Activity: Your answer must be an exact copy of the listing that follows, with all pictures omitted.

Data shown:
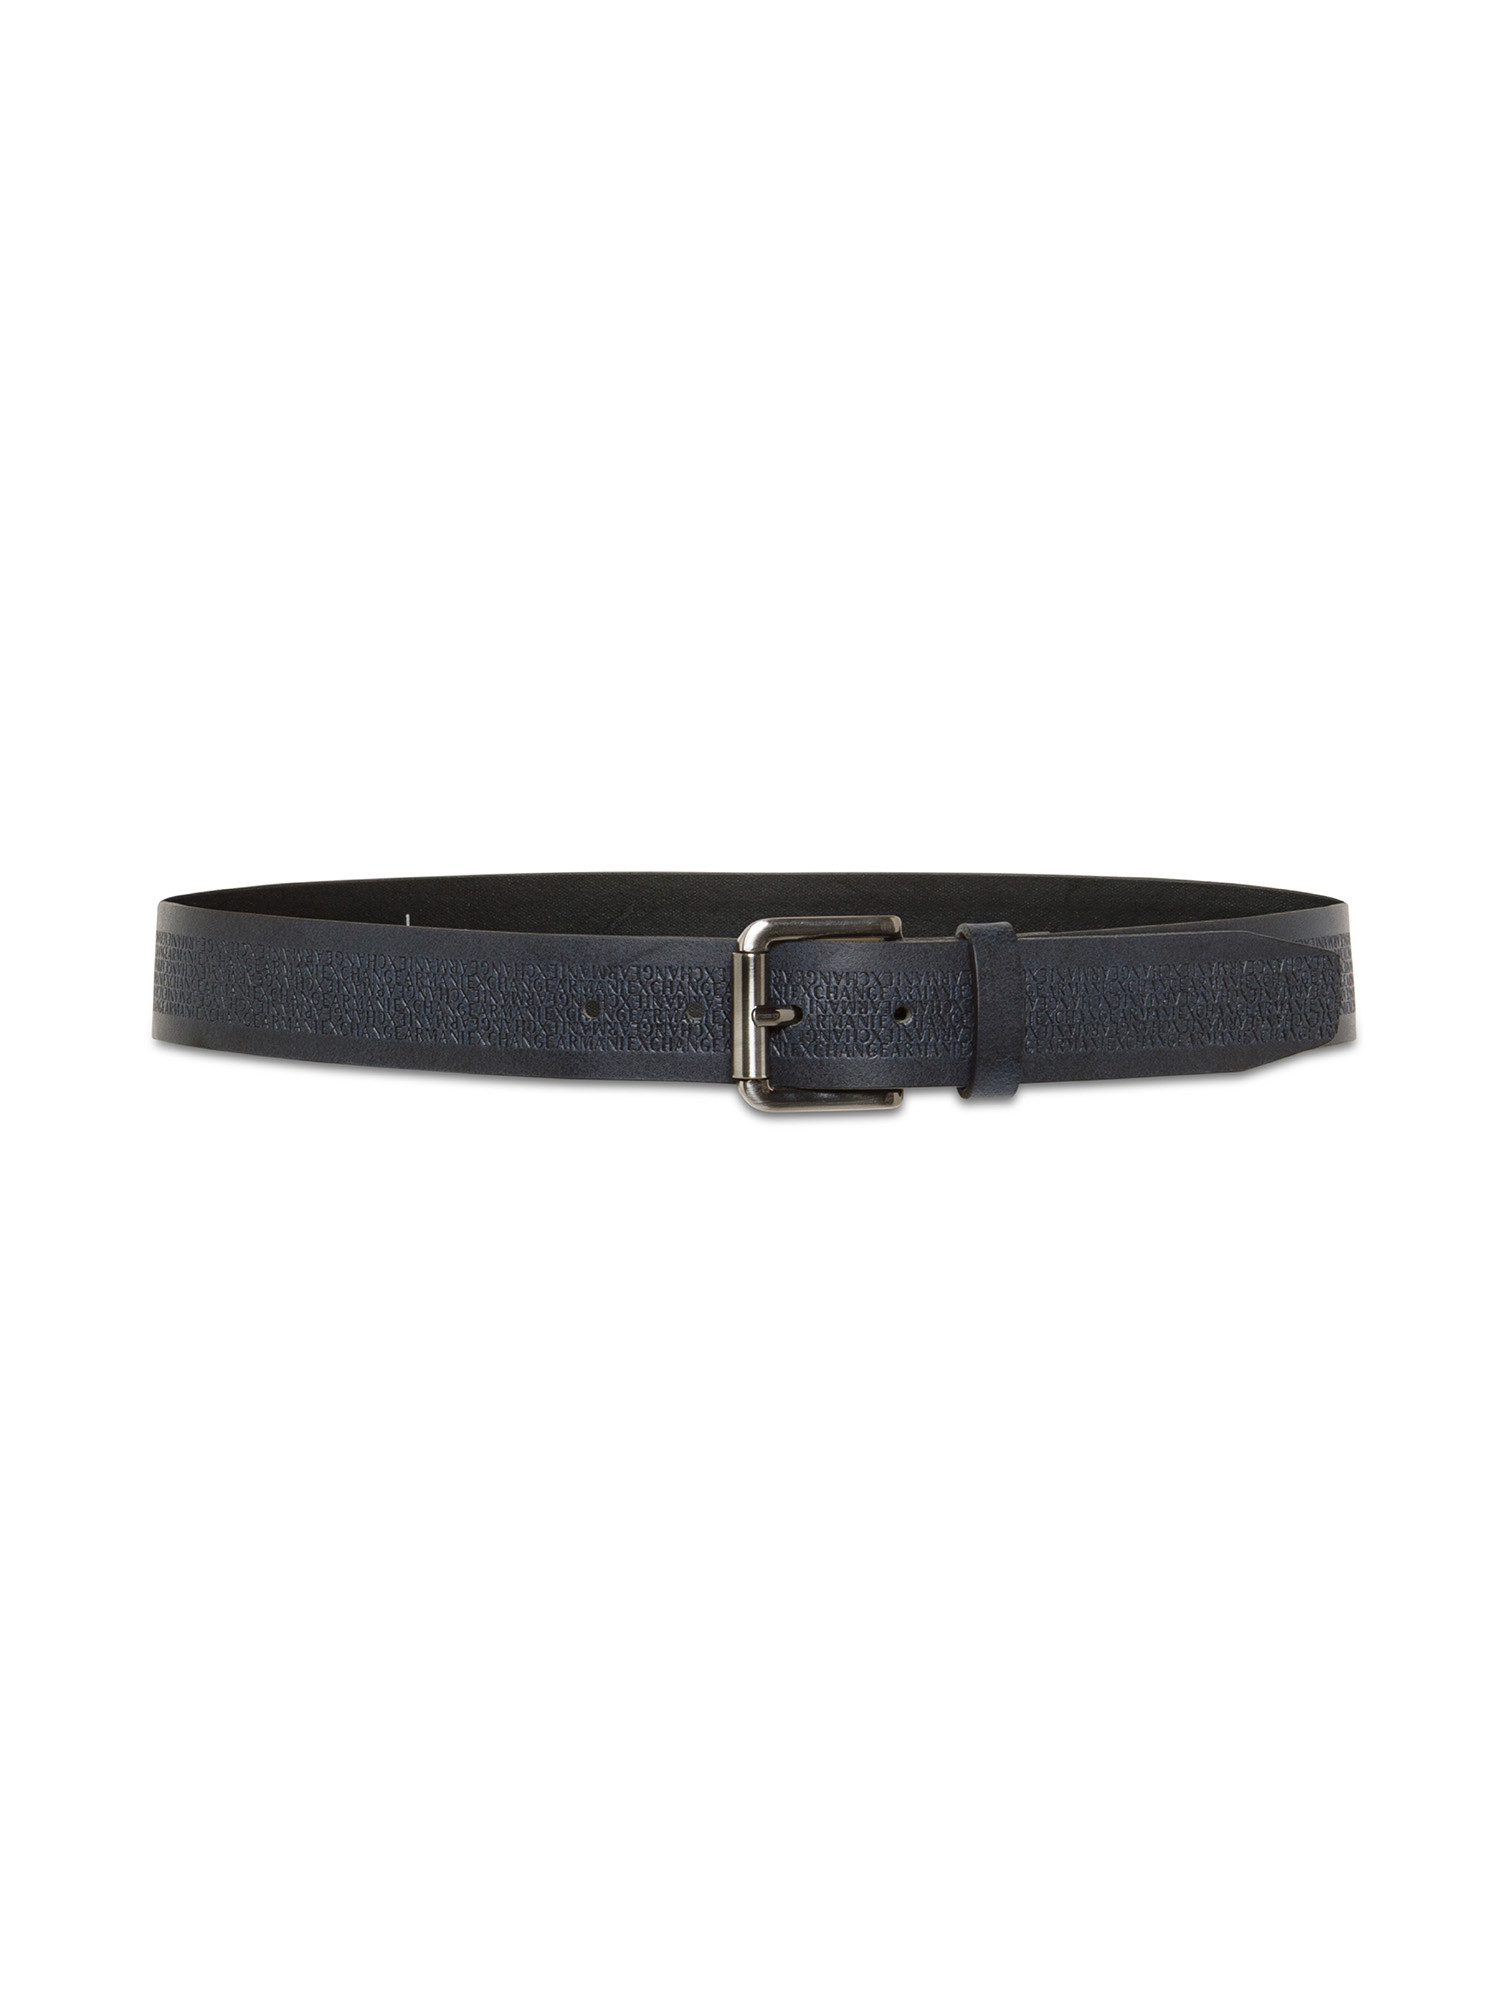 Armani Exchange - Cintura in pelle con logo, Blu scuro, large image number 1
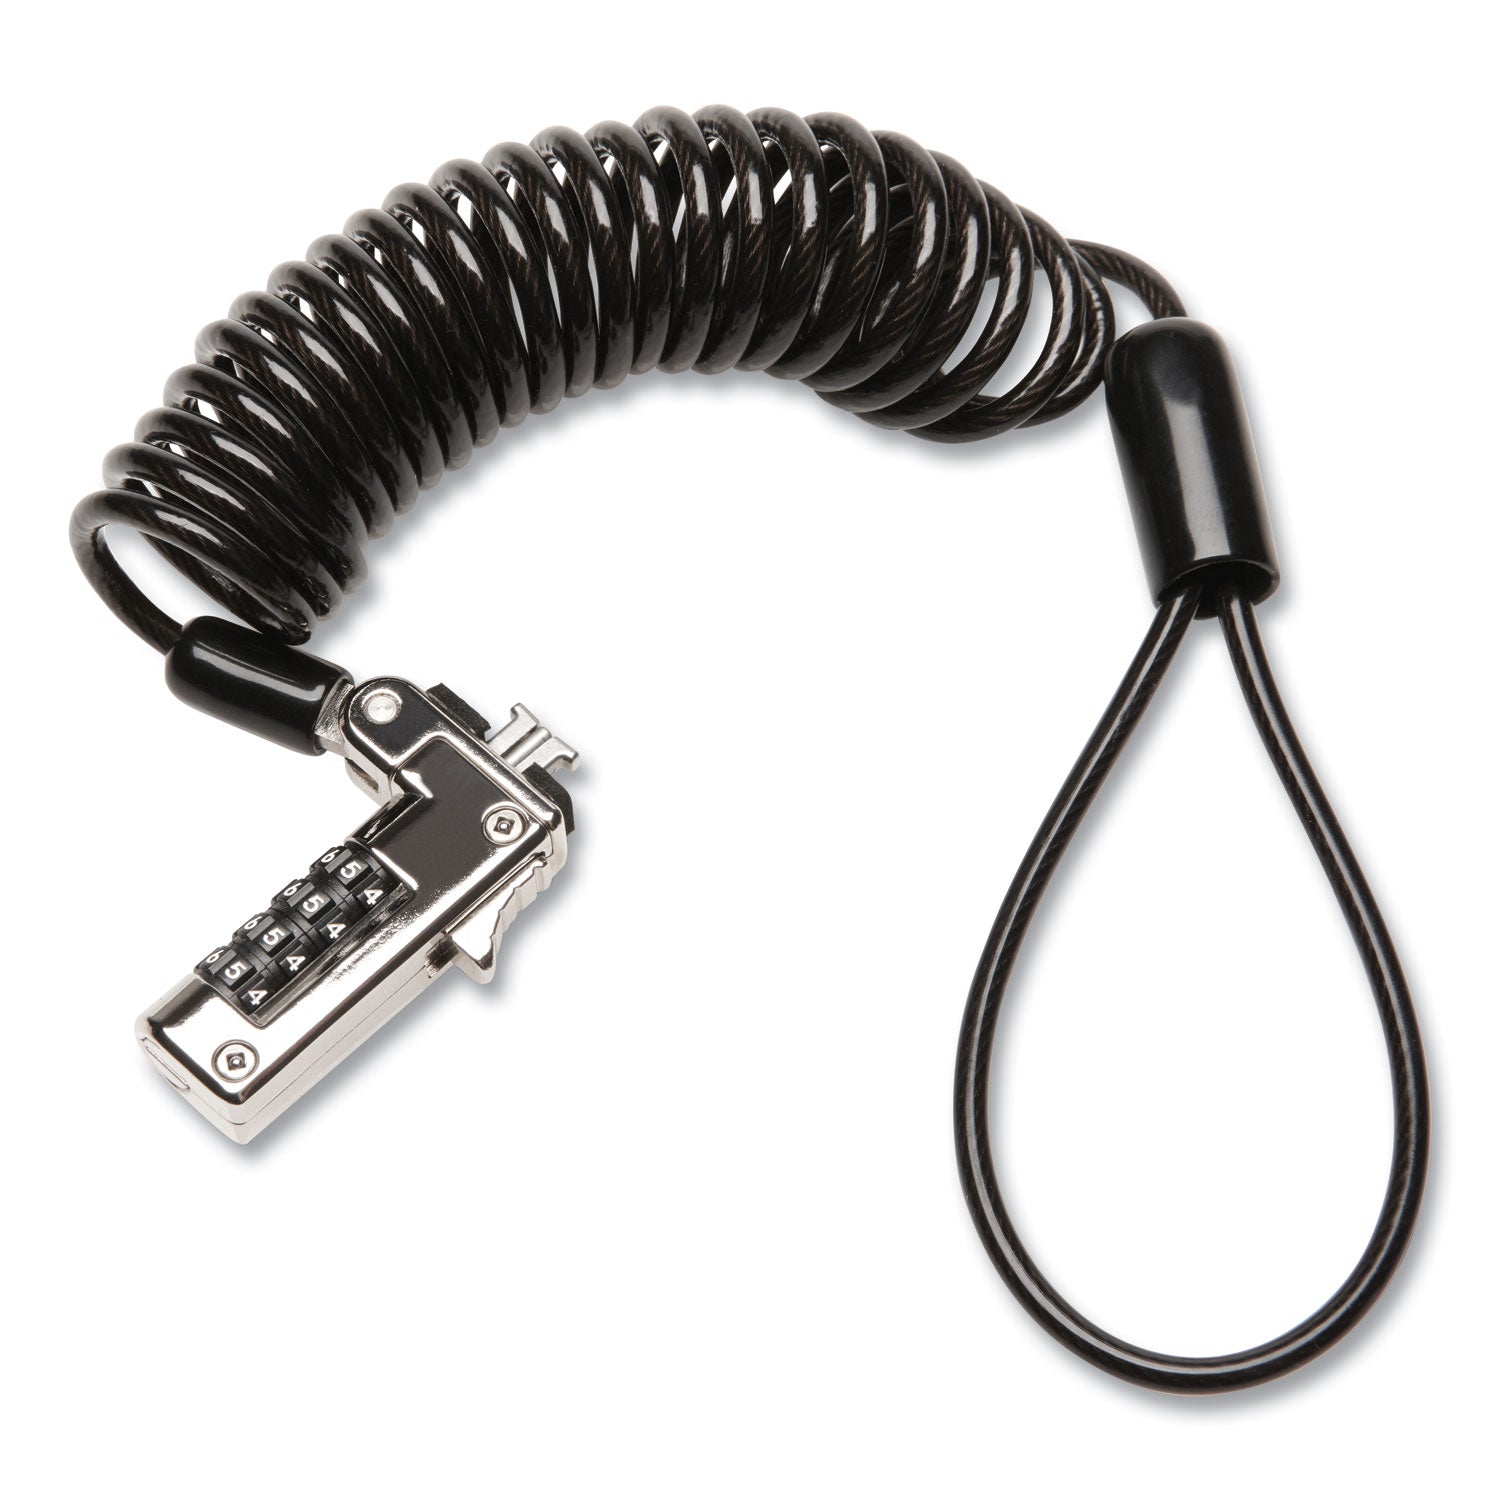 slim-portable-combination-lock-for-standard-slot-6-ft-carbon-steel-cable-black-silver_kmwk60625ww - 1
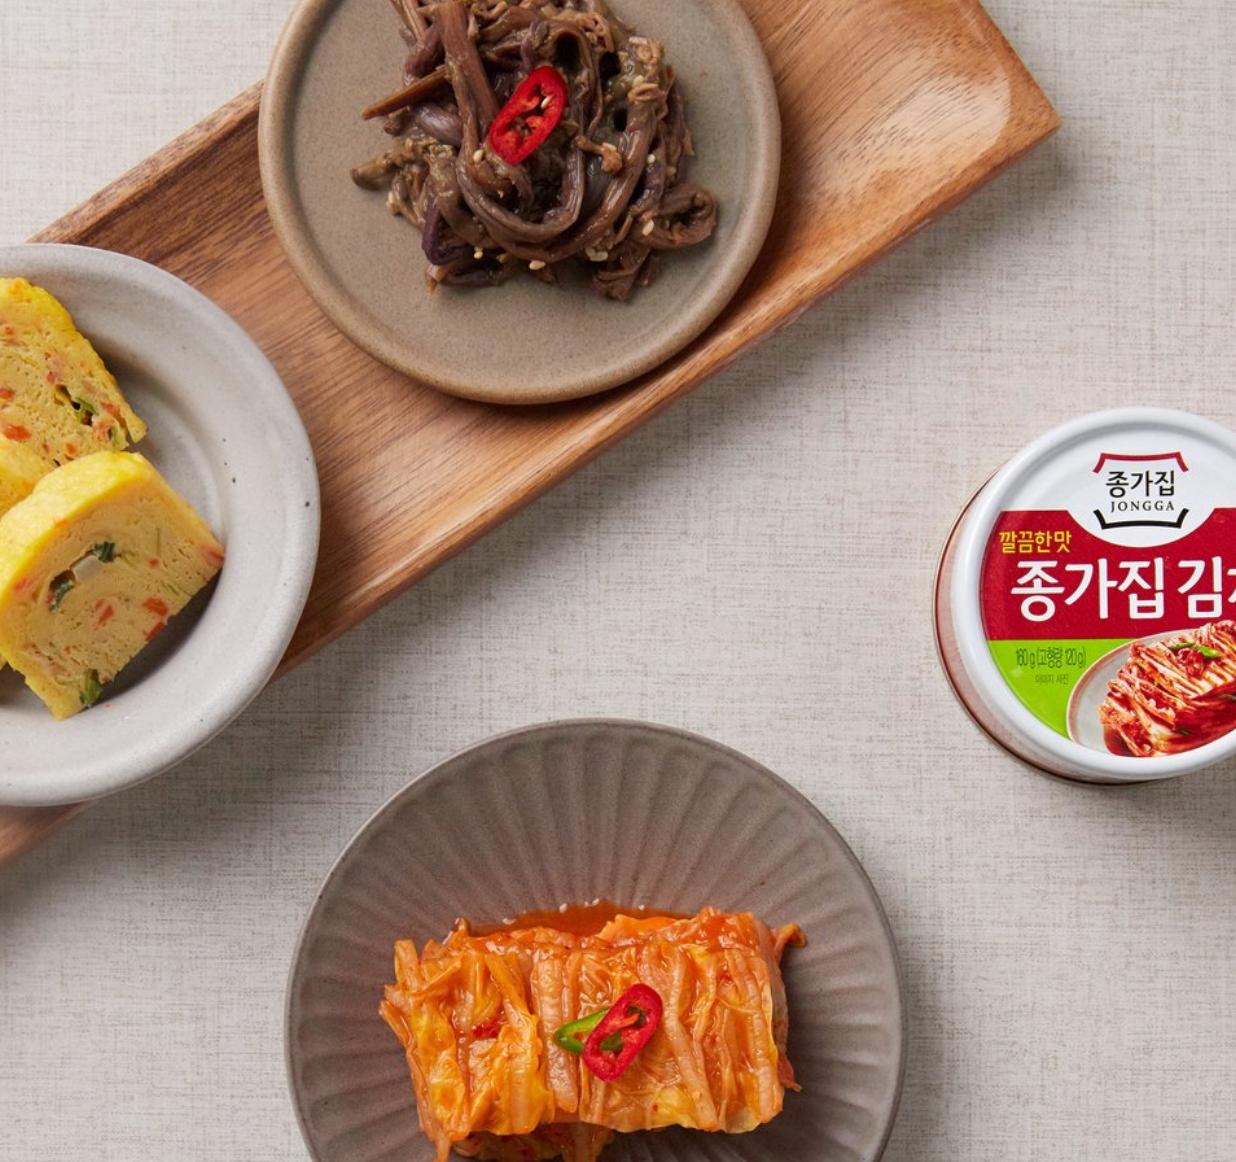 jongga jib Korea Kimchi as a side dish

Exercise output:
 Armani Exchange - Cintura in pelle con logo, Blu scuro, large image number 1
 slim-portable-combination-lock-for-standard-slot-6-ft-carbon-steel-cable-black-silver_kmwk60625ww - 1
 jongga jib Korea Kimchi as a side dish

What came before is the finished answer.